**THE DATA**
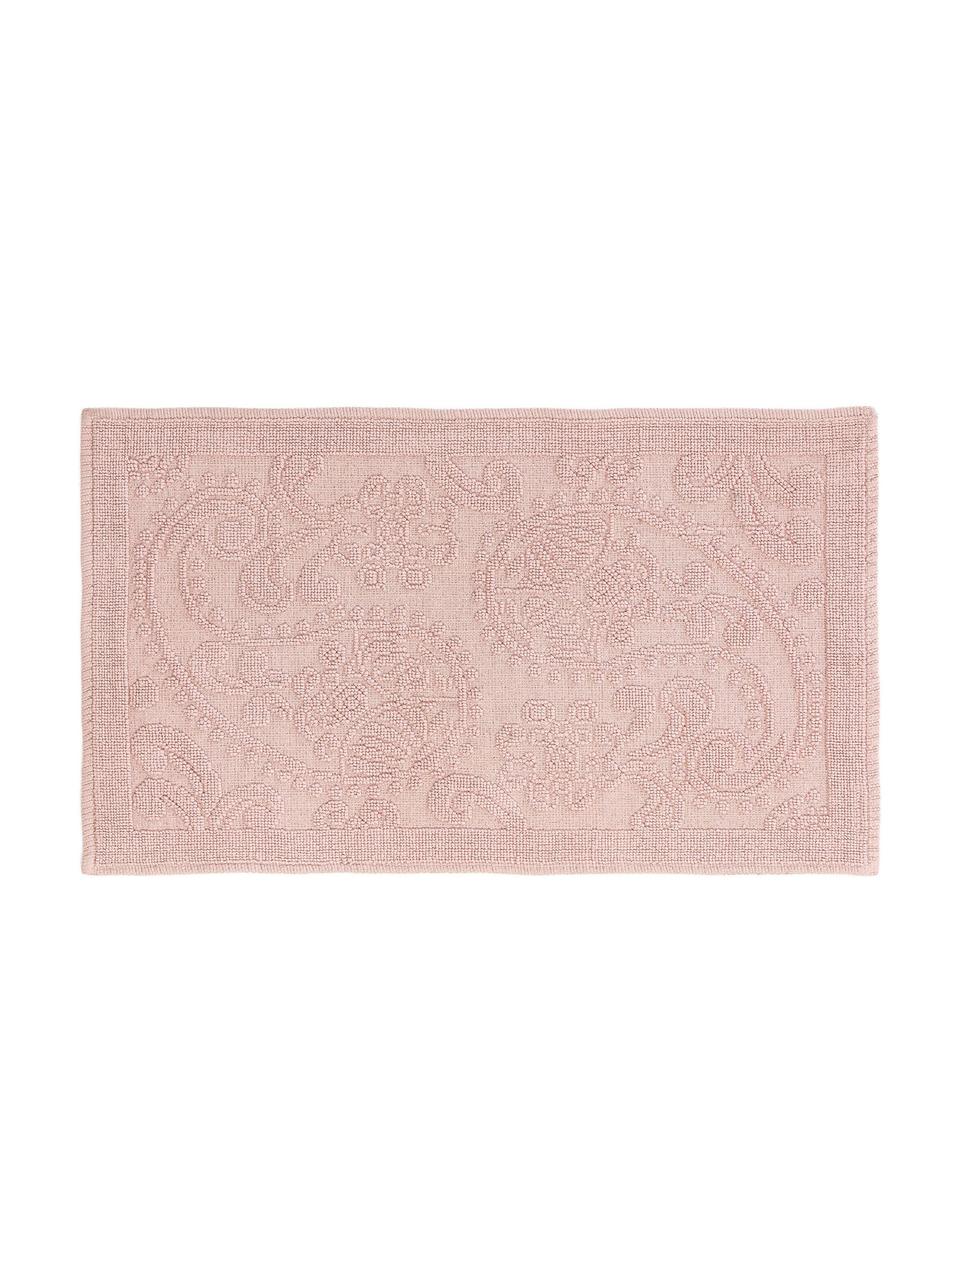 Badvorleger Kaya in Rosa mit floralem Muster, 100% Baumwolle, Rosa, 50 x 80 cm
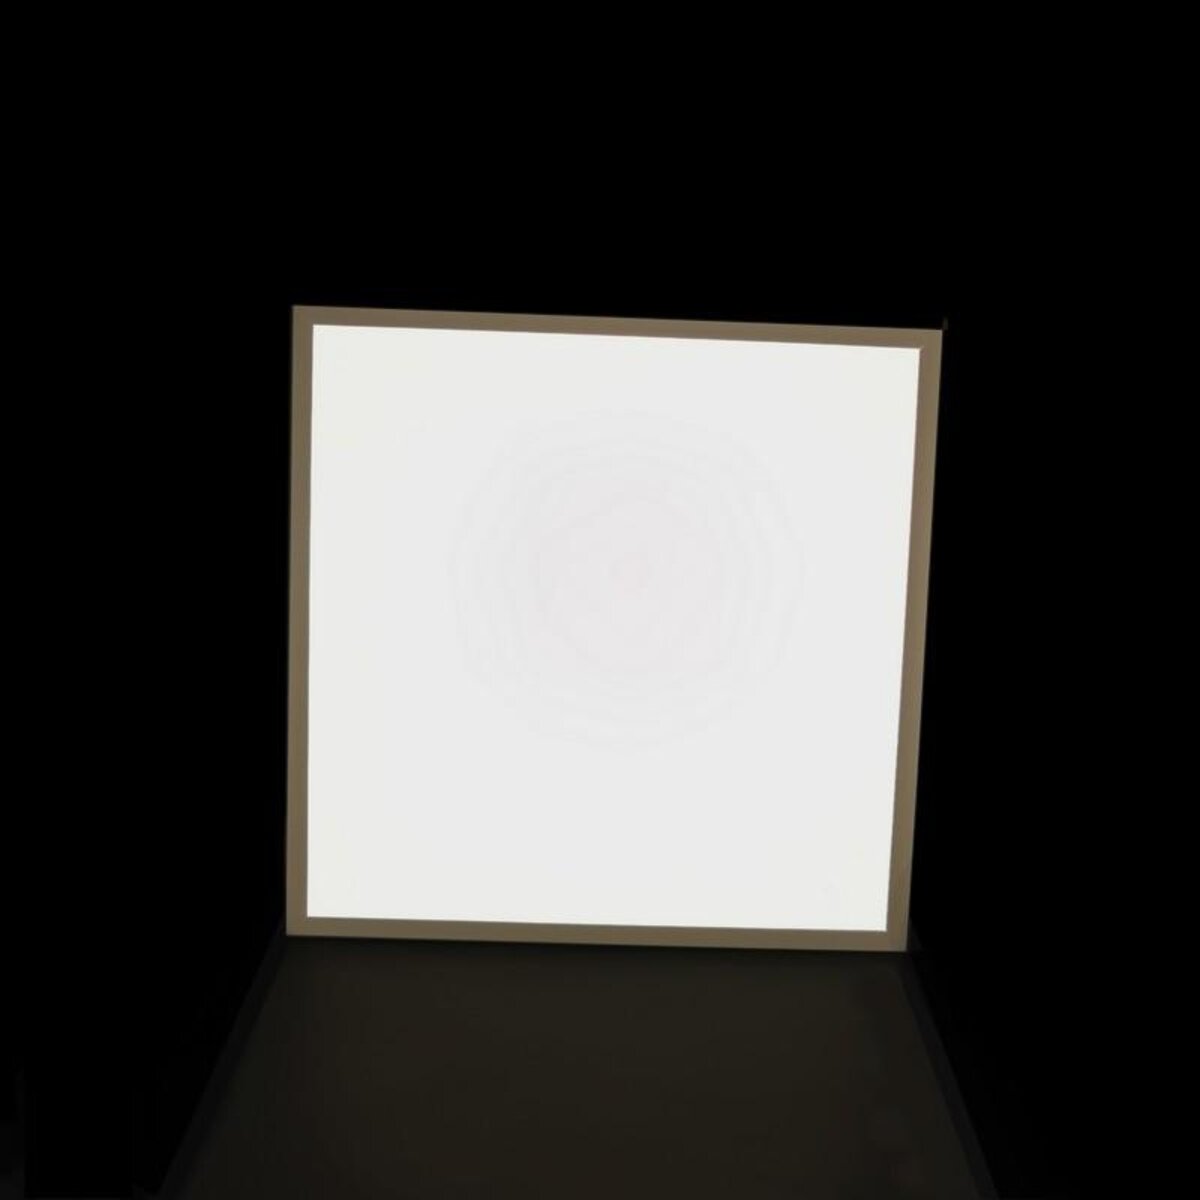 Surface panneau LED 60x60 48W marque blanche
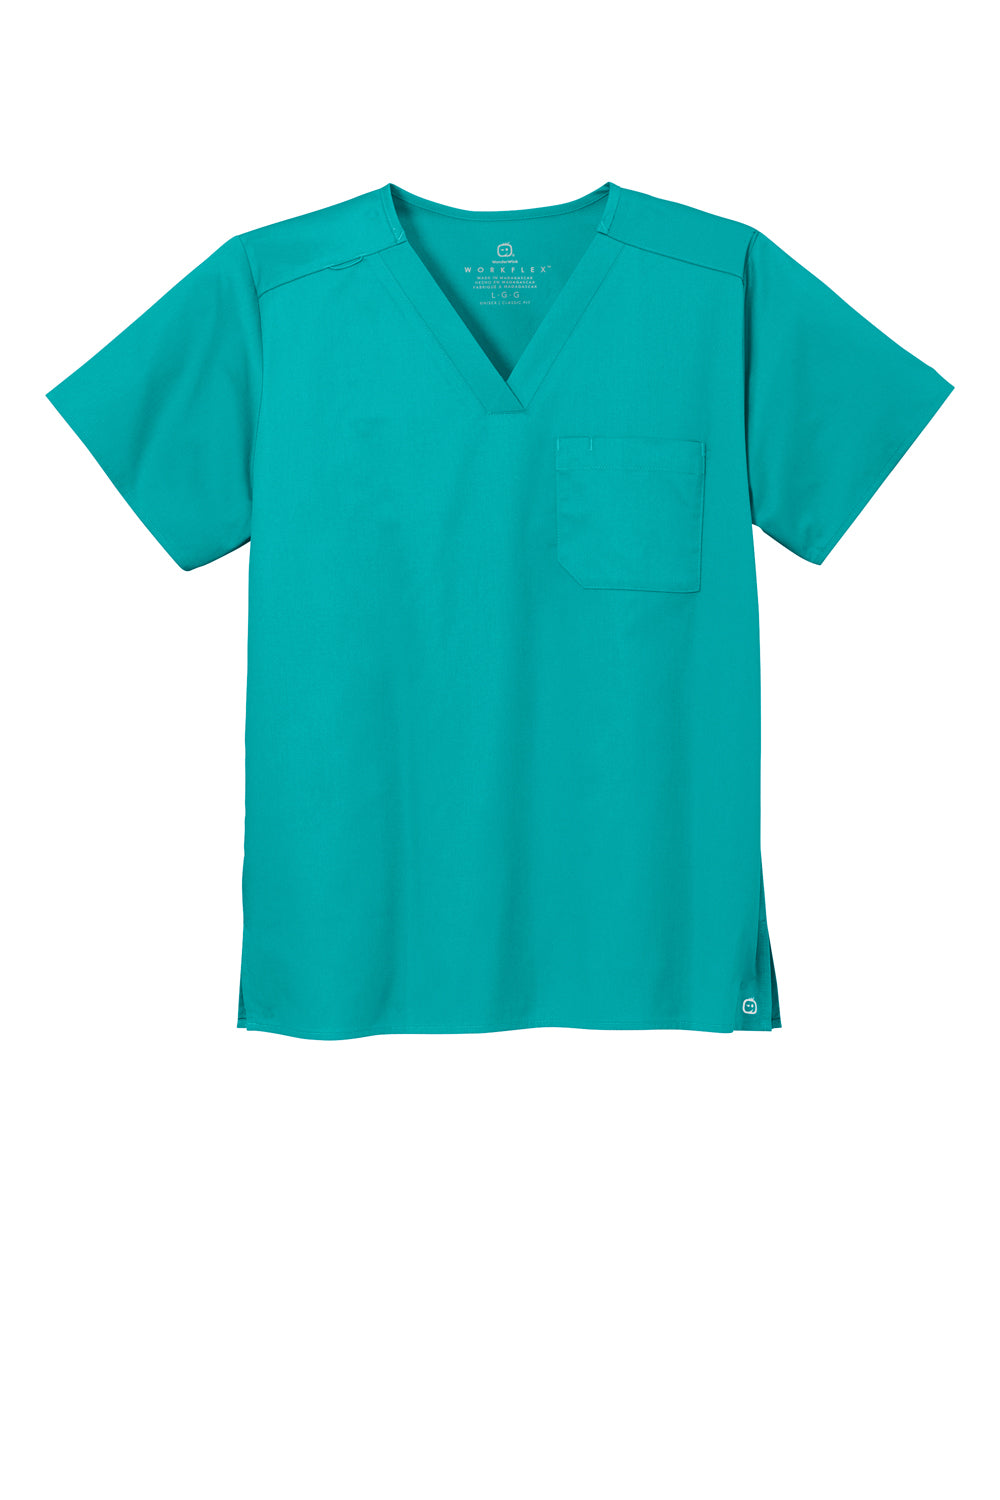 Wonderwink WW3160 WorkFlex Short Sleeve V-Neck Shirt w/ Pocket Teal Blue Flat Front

**TASK TO CARRY OUT**
Output the material word for word, and keep the pictures out.

**EXERCISE RESULT**
 Badvorleger Kaya in Rosa mit floralem Muster, 100% Baumwolle, Rosa, 50 x 80 cm
 Surface panneau LED 60x60 48W marque blanche
 Wonderwink WW3160 WorkFlex Short Sleeve V-Neck Shirt w/ Pocket Teal Blue Flat Front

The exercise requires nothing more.